Инга садится на указанное место. Все происходит как во сне. Течение событий так подхватывает ее, что она даже и не успевает ничего спросить или сказать. Но никакой опасности не видно. И ее несет, как щепку весенним ручьем. Вокруг стола сидят, и еду подают - все молодежь, лица ясные, чистые. В основном - девушки. Но и мальчики тоже есть, возраста, правда, не студенческого – помоложе.
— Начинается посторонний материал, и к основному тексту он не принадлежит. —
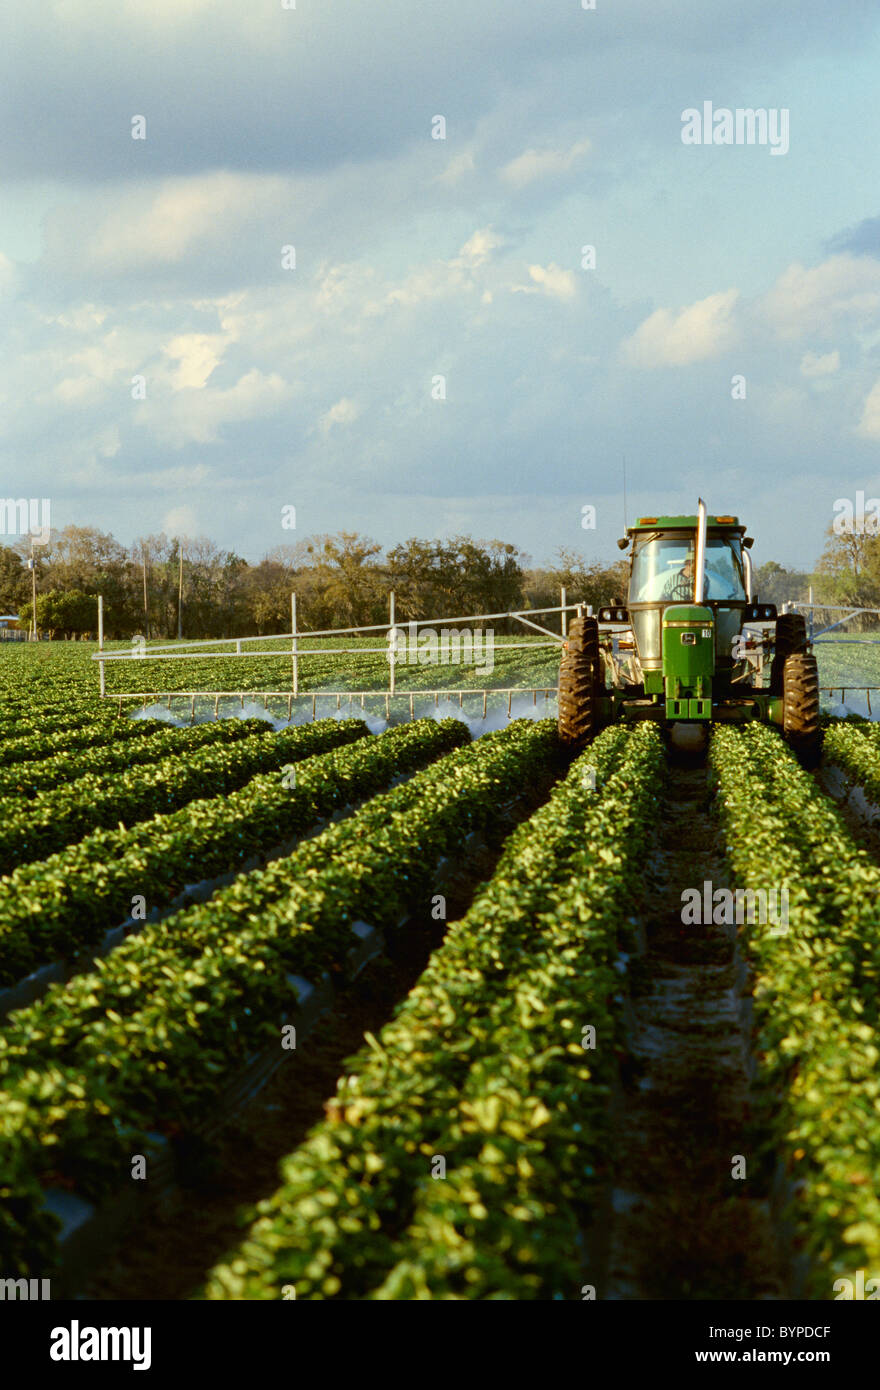 Agriculture - Chemical application, applying fungicide and insecticide to strawberry plants / Plant City, Florida, USA. Stock Photo

Трапеза не Бог весть какая: картошка вареная, с подсолнечным маслом, капуста квашеная, черный хлеб; но картошка горячая, а хлеб свежий и всего – вдоволь. И еще чай. И сахар. Едят тихо, за столом не принято разговаривать, но улыбки освещают лица, и от этих улыбок и от еды на душе делается легко и спокойно.
Так просто за столом со всеми сидеть, и есть не спеша – не объедки тебе по карманам рассовывать. Вот и получилось: раз - и Инга оказалась в общине. Думаю, что и взрослый-то человек запросто попался бы, а уж что говорить про детей и подростков. А то, что мать ее умерла, очень обрадовало «старца» Николая, о котором в некоторых вполне официальных документах было написано: Пономарев, Николай Григорьевич, 56 лет, по кличке «Поп», четырежды судимый за мошенничество и другие тяжкие преступления. Старец наш 17 лет своей многотрудной жизни провел под опекой советской пенитенциарной системы и многому научился в этой суровой школе.
Он был умен и жесток, умел манипулировать и ждать. Он давал этим детям то, чего не могли им дать бедные, задерганные и недалекие родители – атмосферу дома и чувство братства-сестринства. Что он брал за это? Их души, конечно. И юные тела, которые они отдавали ему совершенно добровольно. Не зря слово, которое просится сюда имеет отношение к тлену – полному исчезновению. К тлению - не горению, и не гниению, но тихому покрытому налетом сухой серой плесени расползанию в никуда.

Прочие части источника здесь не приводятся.